FIG. 3 is a spatial representation of a typical N line display area or display field that is specified using a single window descriptor. The value of N may correspond to 240, for example, when a television displays a resolution of 320×240 pixels. A single window descriptor may be used to specify the display of all horizontal scan lines during a display period. A window descriptor stores one or more parameters (i.e., one set of parameters) used to effectuate the proper display of a window onto the display during the display period. The one or more parameters may comprise what is referred to as a “pitch”. The value represented by the pitch is equal to the difference in memory addresses between the first pixels of consecutive horizontal scan lines. For example, the pitch may be computed by taking the difference between the address of the first pixel in a horizontal scan line and the memory address of the first pixel in the next consecutive horizontal scan line for a particular display period. The pitch may be represented by a data word that is represented using one or more bits. The pitch may Itself be stored in memory and may be retrieved by way of one or more instructions executed by a processor. The one or more parameters may comprise memory start and end addresses of a window descriptor. A memory start or end address may refer to a pixel in a horizontal display line, for example. The memory start address may signify the beginning of a horizontal display line while the memory end address may signify the end of a horizontal display line. The one or more parameters may comprise a layer number of a window, when two or more windows (using one or more window descriptors) are overlapped or superimposed to create a displayed image. Additionally, the one or more parameters may comprise values that are used as weighting factors for determining the transparency or opaqueness for each window when two or more windows are overlapped to form a displayed image.

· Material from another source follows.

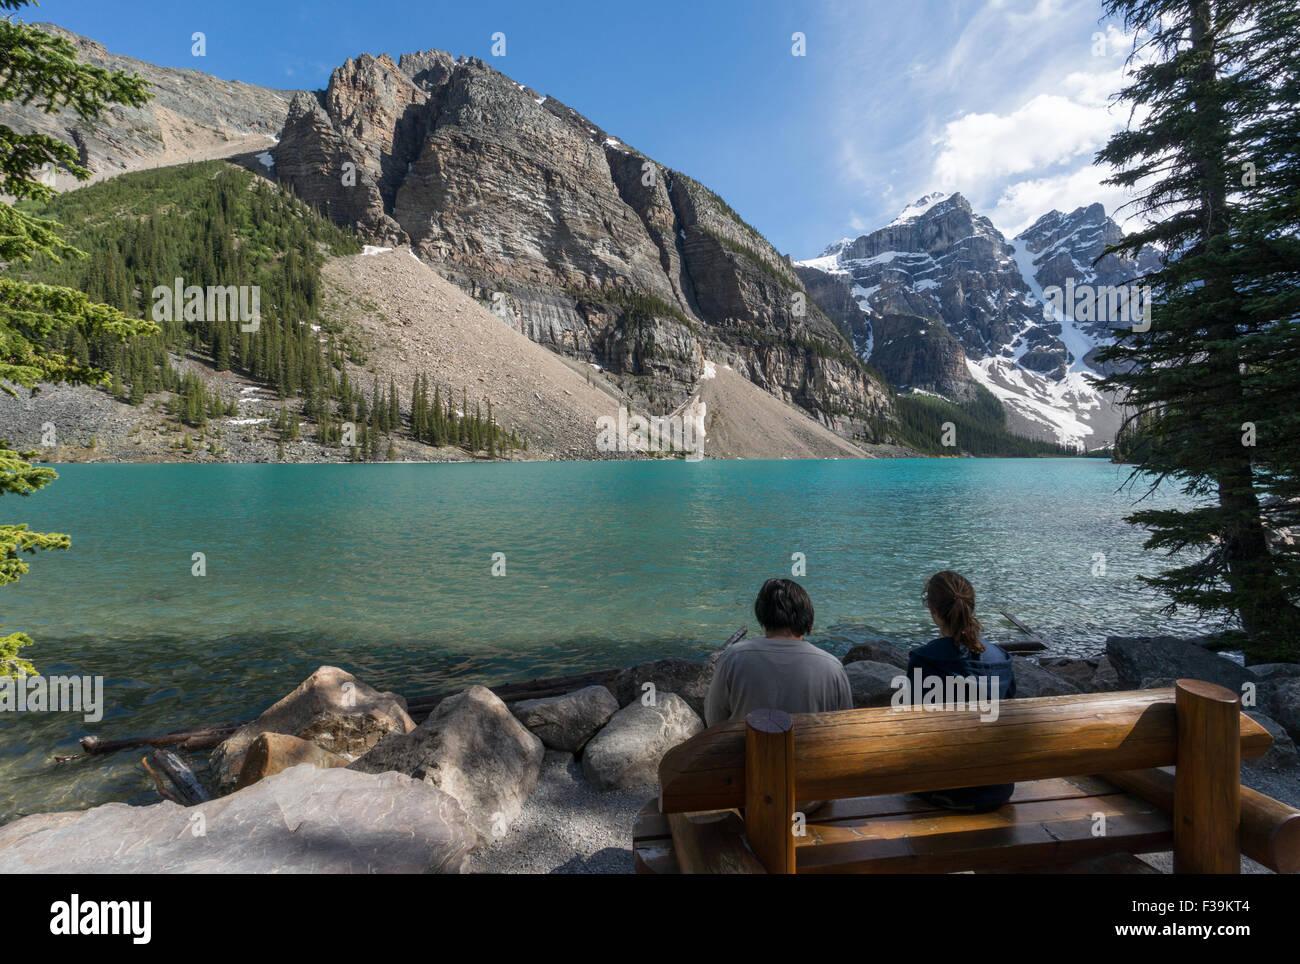 Deux personnes par le lac Moraine, parc national Banff, Rocheuses canadiennes, l'Alberta, Canada Photo Stock
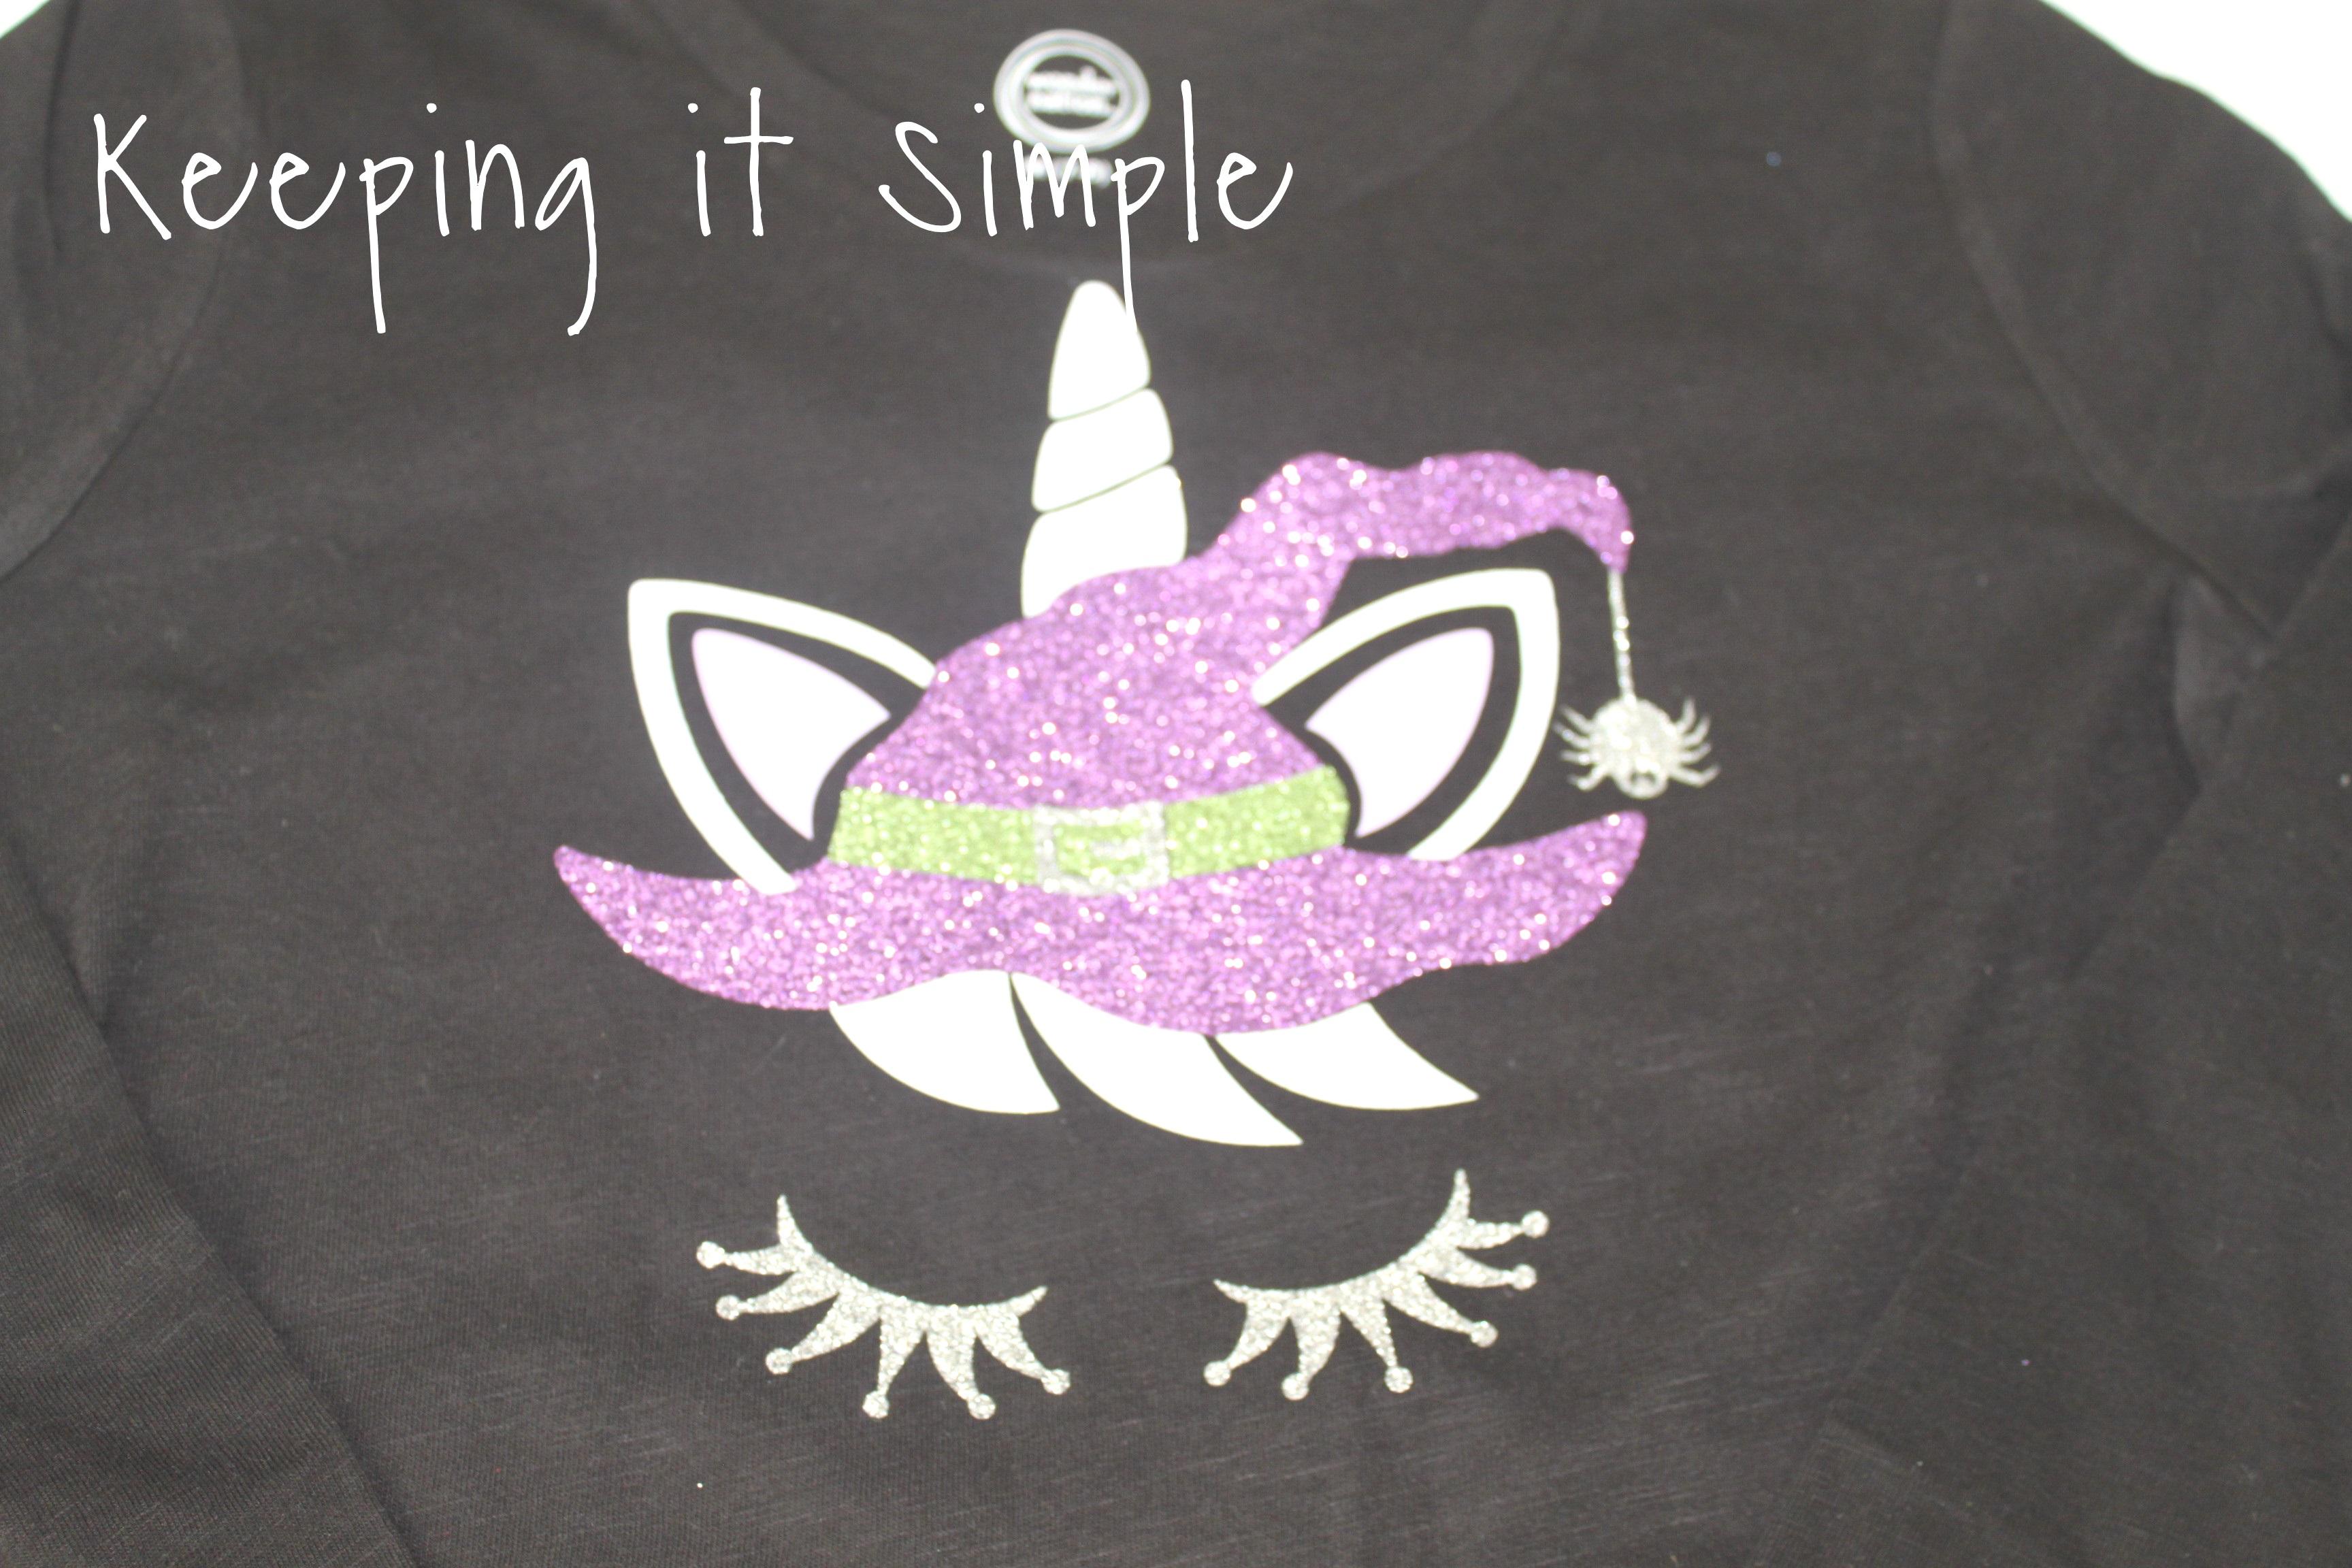 Halloween Shirt Ideas Girls.Little Girls Halloween Shirt Ideas 2 2 Keeping It Simple

FIG. 4 is a spatial representation of N window descriptors used to specify a 2N line pixel display in accordance with an embodiment of the invention. As illustrated in FIG. 4, the single window descriptor represented in FIG. 3 is represented using N window descriptors. Each horizontal display line of the window in FIG. 3 is used to represent two horizontal lines by way of specifying a parameter of each of the N window descriptors. The parameter may be referred to as the pitch. The pitch may be set to a value such that the same line is displayed twice for each of the N window descriptors. The value of the pitch may be set to zero, for example. Effectively, this line doubling technique doubles the number of horizontal lines displayed. When N=240 for example, each of the 240 lines are repeated such that a total of 480 lines are displayed, resulting in a doubling of the number of horizontal scan lines. As a result, a 2× vertical scaling is performed. Hence, when displaying a field comprising 240 horizontal display lines, a single window descriptor (i.e., one graphics pixel map or surface) may be used. However, when displaying a field comprising 480 horizontal display lines, the various aspects of the invention employ the use of N=240 window descriptors (i.e., in this representative embodiment, 240 graphics pixel maps or surfaces are used). Each of the 240 window descriptors represents a successive horizontal display line of the previously mentioned 240-line single window descriptor.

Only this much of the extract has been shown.